16. The method of claim 11, wherein the shared data format and data schema further comprises:

an adverse events dataset class inheriting from the events dataset class, the adverse events dataset class comprising a mapping related to a severity level of an adverse event.

17. The method of claim 11, wherein selecting the first subclass further comprises:

preprocessing, with the computer system, the first data asset to identify indicators of a dataset class and domain; and

determining, with the computer system, that a dataset domain and class is to be used based on the indicators identified.

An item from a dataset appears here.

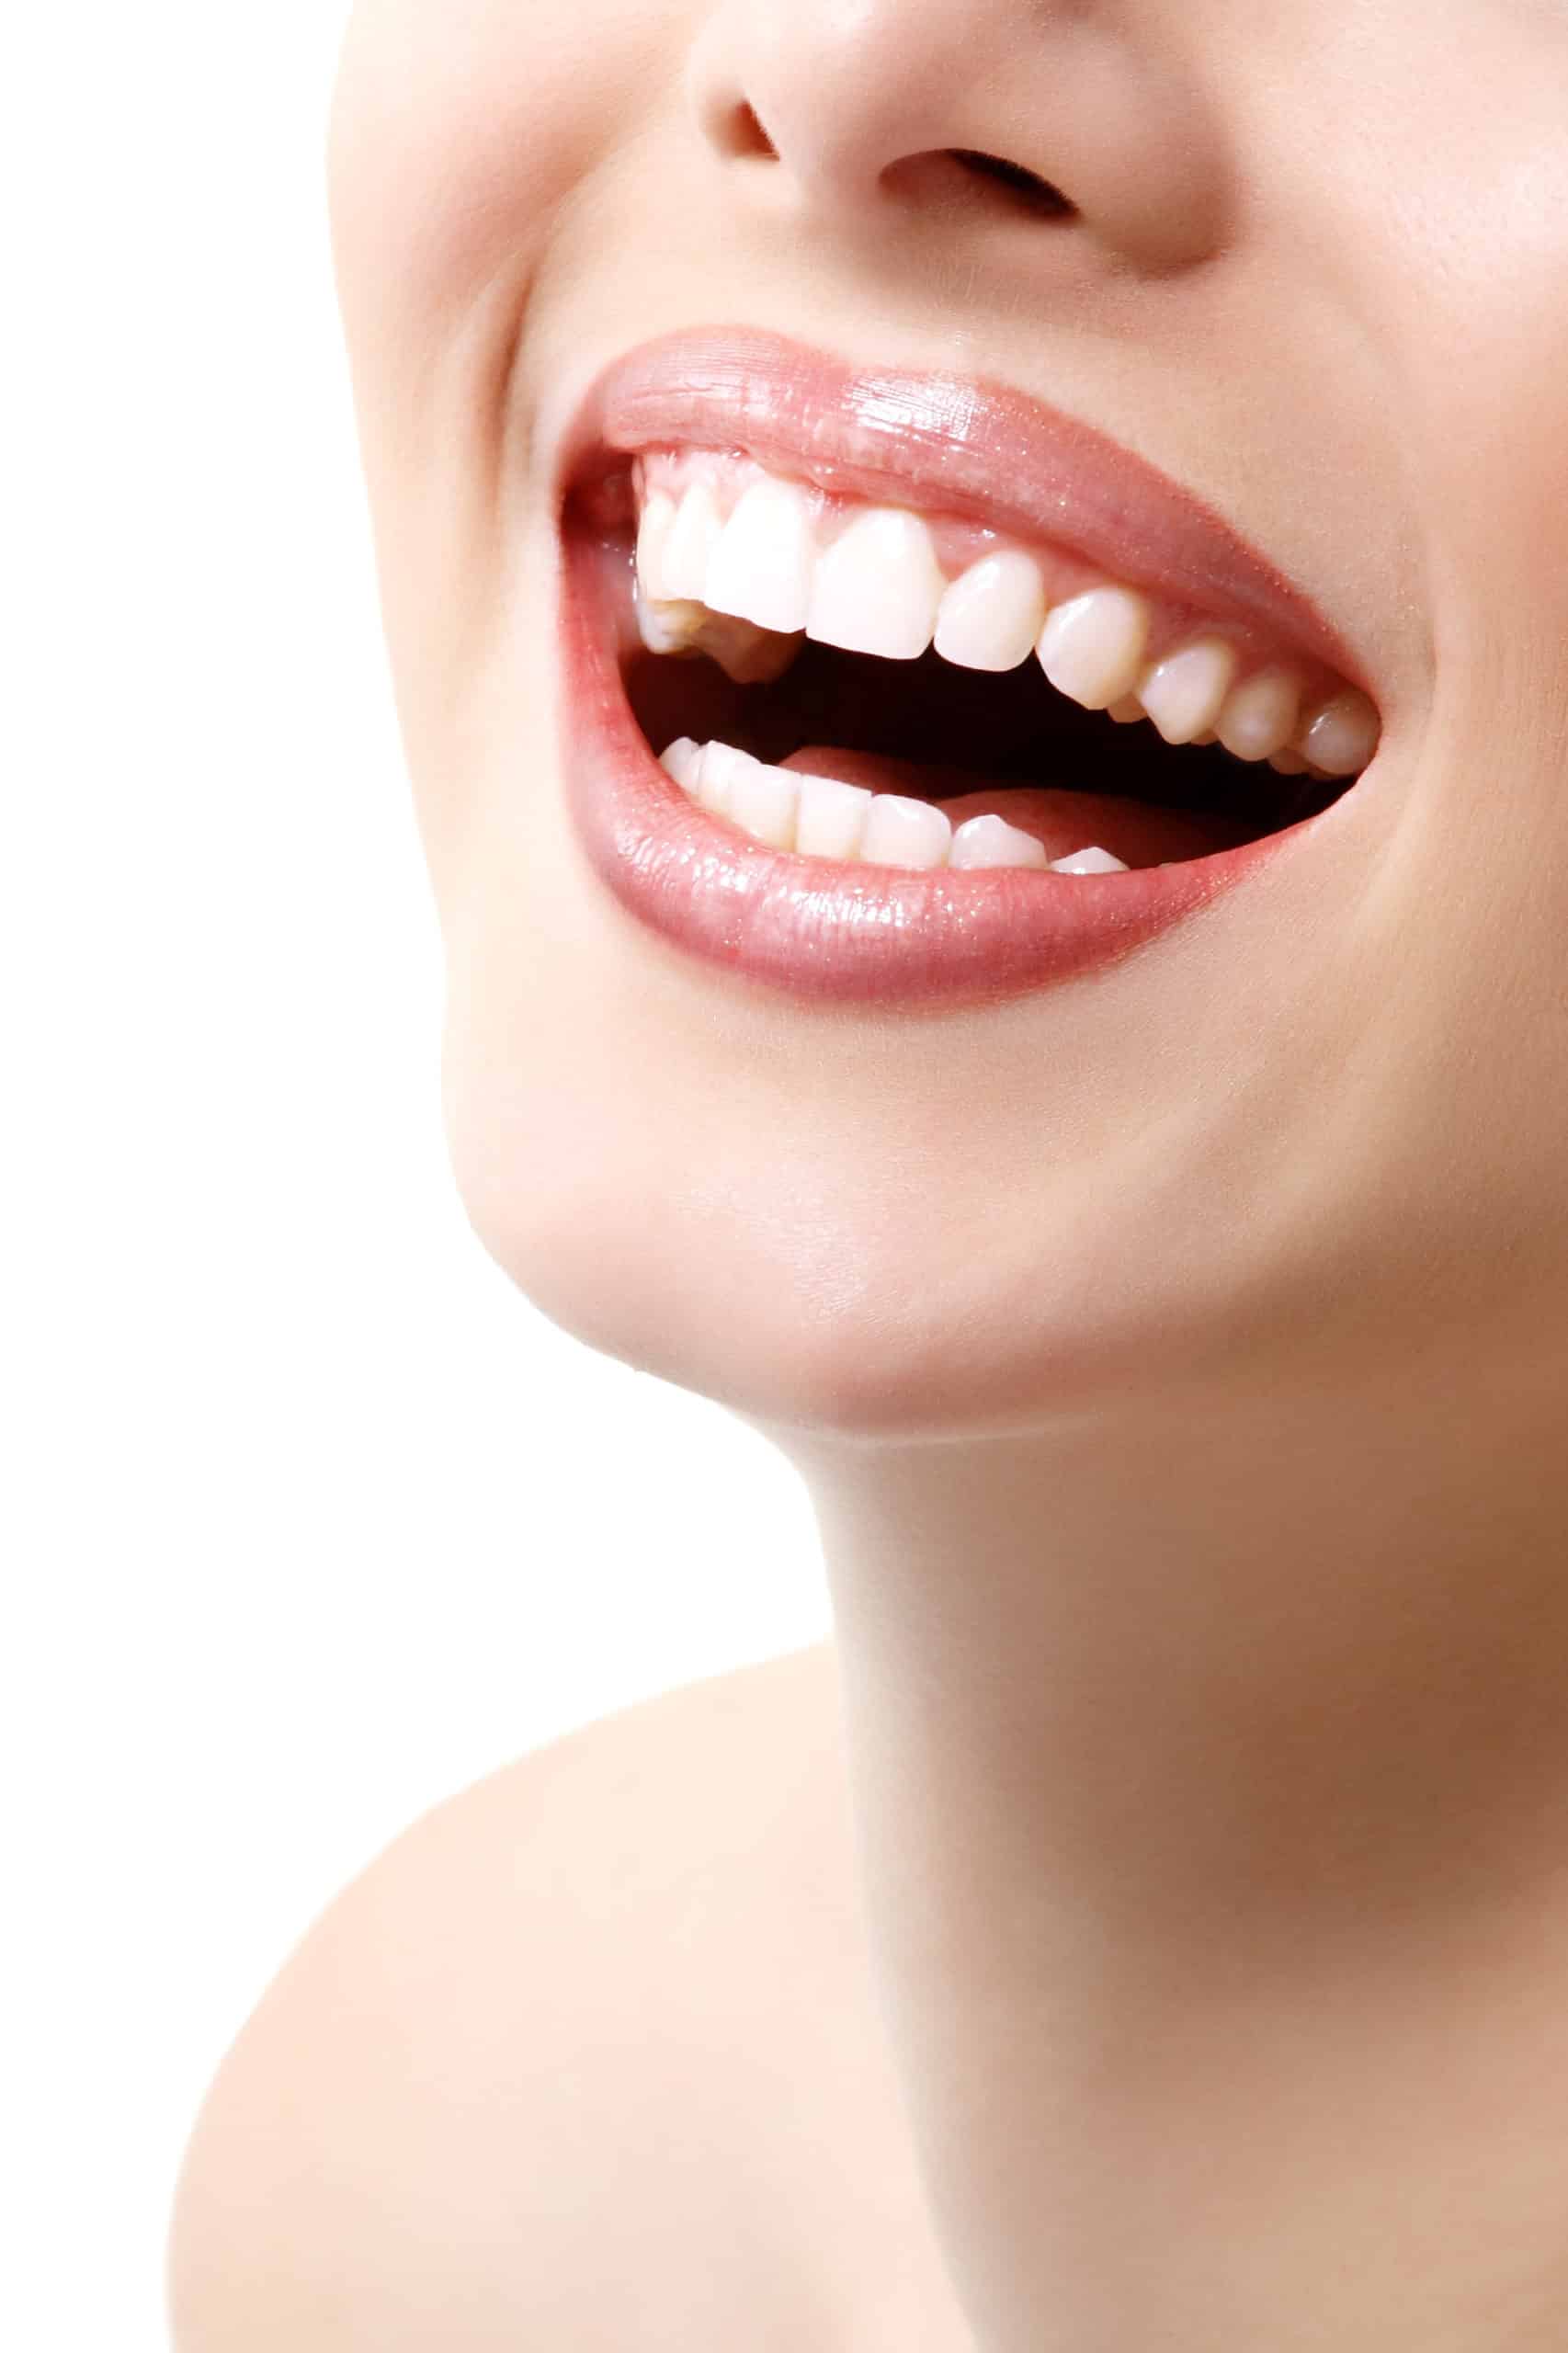 strengthen your gums

18. The method of claim 17, wherein the first data asset is transformed by mapping, with the computer system, the first data asset to a set of default mappings of the determined dataset domain and class.

19. The method of claim 17, further comprising:

identifying, within the first transformed data asset, variables corresponding to subject identifiers, event classifications, and subject-level attributes;

creating a subject identifier mapping that links each data record to a subject identifier; and

generating event-specific mappings defining variables related to start and end times, classifications, and descriptions of clinical events.

20. The method of claim 19, further comprising:

accessing, with the computer system, stored transformation data;

comparing, with the computer system, the first data format and first data schema of the first data asset with the data formats and data schemas stored in transformation data; and

determining, with the computer system, that the first data asset is to be transformed according to transformation instructions stored in the transformation data based on the comparison.

21. The method of claim 11, wherein the first data asset has a different schema and a different format from the second data asset.

22. The method of claim 11, wherein the computer system performing the functions of the method is implemented in a cloud-based system architecture, the cloud-based system architecture comprising a plurality of client-facing interface servers and a plurality of database servers.

23. The method of claim 11, wherein the selection of the first subclass for the first data asset is performed with a machine learning model, the machine learning model being configured to analyze the format and schema of the first data asset and select a subclass among the hierarchy of classes.

24. The method of claim 23, wherein the selection of the first subclass for the first data asset further comprises selecting the first subclass with a trained decision tree machine learning model.

25. The method of claim 11, wherein a machine learning model selects the first subclass and selects the second subclass.

26. The method of claim 11, further comprising;

recording a modification made to the first data asset; and

retrieving a version of the first data asset without the modification in response to a user request.

27. The method of claim 26, further comprising:

applying cryptographic hash pointers to the first data asset, wherein the cryptographic hash pointers references a previous version of the first data asset to form a tamper evident record.

28. The method of claim 11, further comprising:

receiving, from a user, a confirmation of the first subclass or a selection of another subclass by the user, wherein the subclass confirmation or selection by the user controls which subclass is used for the transformation of data assets.

29. The method of claim 11, wherein the computer system is configured to store user account data that specifies roles and permissions of users.

30. The method of claim 11, wherein the transforming the first data asset comprises steps for transforming the first data asset.